Mutex and Block Profiling — Middle¶
1. The middle-engineer workflow¶
You have a service that's slow. CPU isn't pegged. Latency p99 is 80 ms when the median is 4 ms. Where do you look?
The deterministic order:
- CPU profile — confirm we're not just burning CPU.
- Goroutine profile — count what's parked, in what state.
- Mutex + block profile — find which primitive is the bottleneck.
- Execution trace — only if the above didn't pin it down.
This file is about steps 2–3. The CPU profile lives in 01-cpu-profiling; the trace lives in 07-trace-tool.
2. The minimum production setup¶
package main
import (
_ "net/http/pprof"
"net/http"
"runtime"
)
func init() {
runtime.SetMutexProfileFraction(100)
runtime.SetBlockProfileRate(10000) // ~10 μs threshold
go func() {
_ = http.ListenAndServe("127.0.0.1:6060", nil) // localhost only
}()
}
Three things to internalise:
- The
initruns beforemain, so profiling is on from the very first request. - Binding to
127.0.0.1keeps the pprof endpoints off the public internet — they leak source paths. - The rates above (
100,10000) are conservative defaults. You can lower them in staging when chasing a specific bug.
3. Mutex profile vs. block profile, properly¶
The two profiles overlap on mutex contention but answer different questions.
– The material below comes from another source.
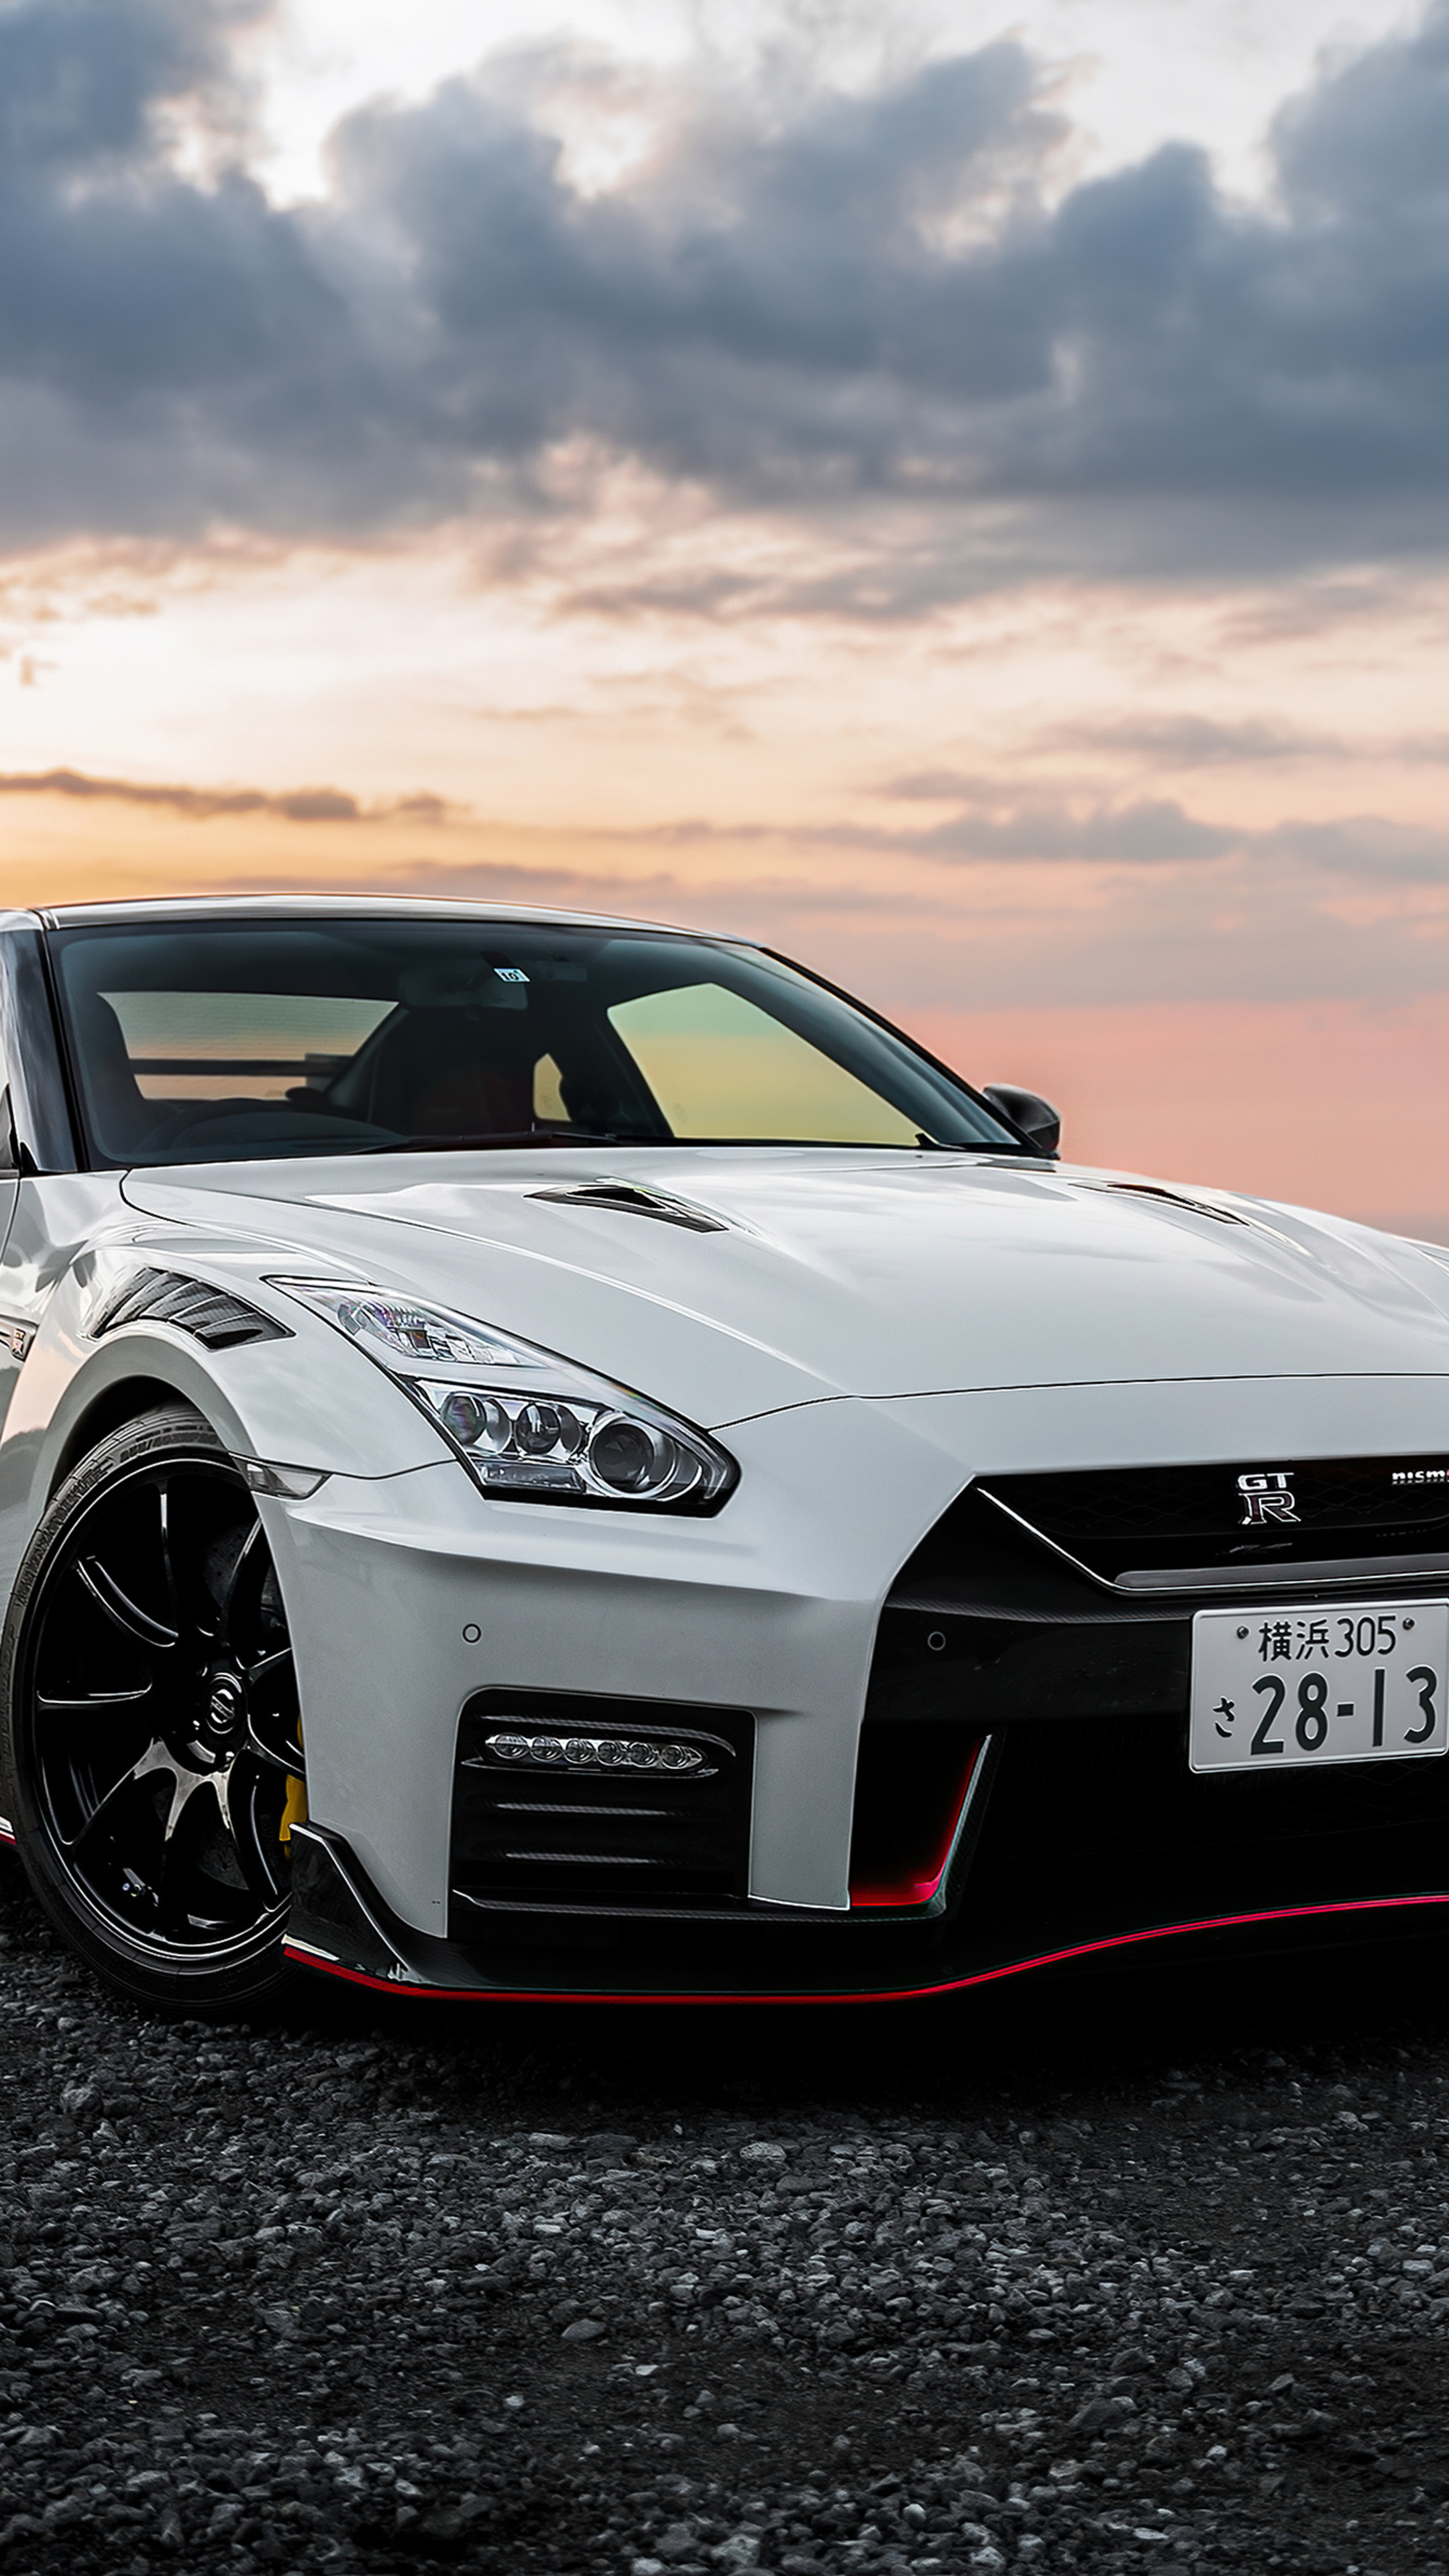 Nissan GT-R, NISMO edition, Sony Xperia exclusive, Thrilling sports car, 2160x3840 4K Phone

| Aspect | Mutex profile | Block profile |
|---|---|---|
| Triggered at | Unlock() (after a waiter has been parked) | Goroutine park time on any sync primitive |
| Stack attributed | The unlocker | The waiter |
| Sampling | 1 in N events | Per-event probability delay / rate |
| Covers | Mutex, RWMutex only | Mutex, channel, select, Cond, WaitGroup, time.Sleep |
| Best for | "Which code holds locks too long?" | "Which code waits the most?" |
A typical session uses both. The mutex profile names the offender; the block profile shows whether the symptom is one big lock, one slow channel, or fan-out across several primitives.
4. Capturing a delta¶
A snapshot at t=0 contains samples accumulated since startup. To investigate "what happened during this 60-second window", take two snapshots and diff them:
curl -s "http://localhost:6060/debug/pprof/mutex" -o m1.pb.gz
sleep 60
curl -s "http://localhost:6060/debug/pprof/mutex" -o m2.pb.gz
go tool pprof -base m1.pb.gz m2.pb.gz
In the pprof prompt:
list is the killer feature: it prints the source code annotated with per-line contention totals, so you see which exact line inside a function is the bottleneck.
5. Reading the top line¶
(pprof) top -cum
Showing nodes accounting for 4.2s, 96.5% of 4.35s total
flat flat% sum% cum cum%
1.2s 27.5% 27.5% 4.2s 96.5% main.(*Cache).Get
1.1s 25.2% 52.7% 3.8s 87.3% main.(*Cache).put
...
Interpretation:
flatis contention attributed directly to that frame.cum(cumulative) includes everything that frame's callees did.main.(*Cache).Getis the top bycum: somewhere underneath it, lots of waiting happens.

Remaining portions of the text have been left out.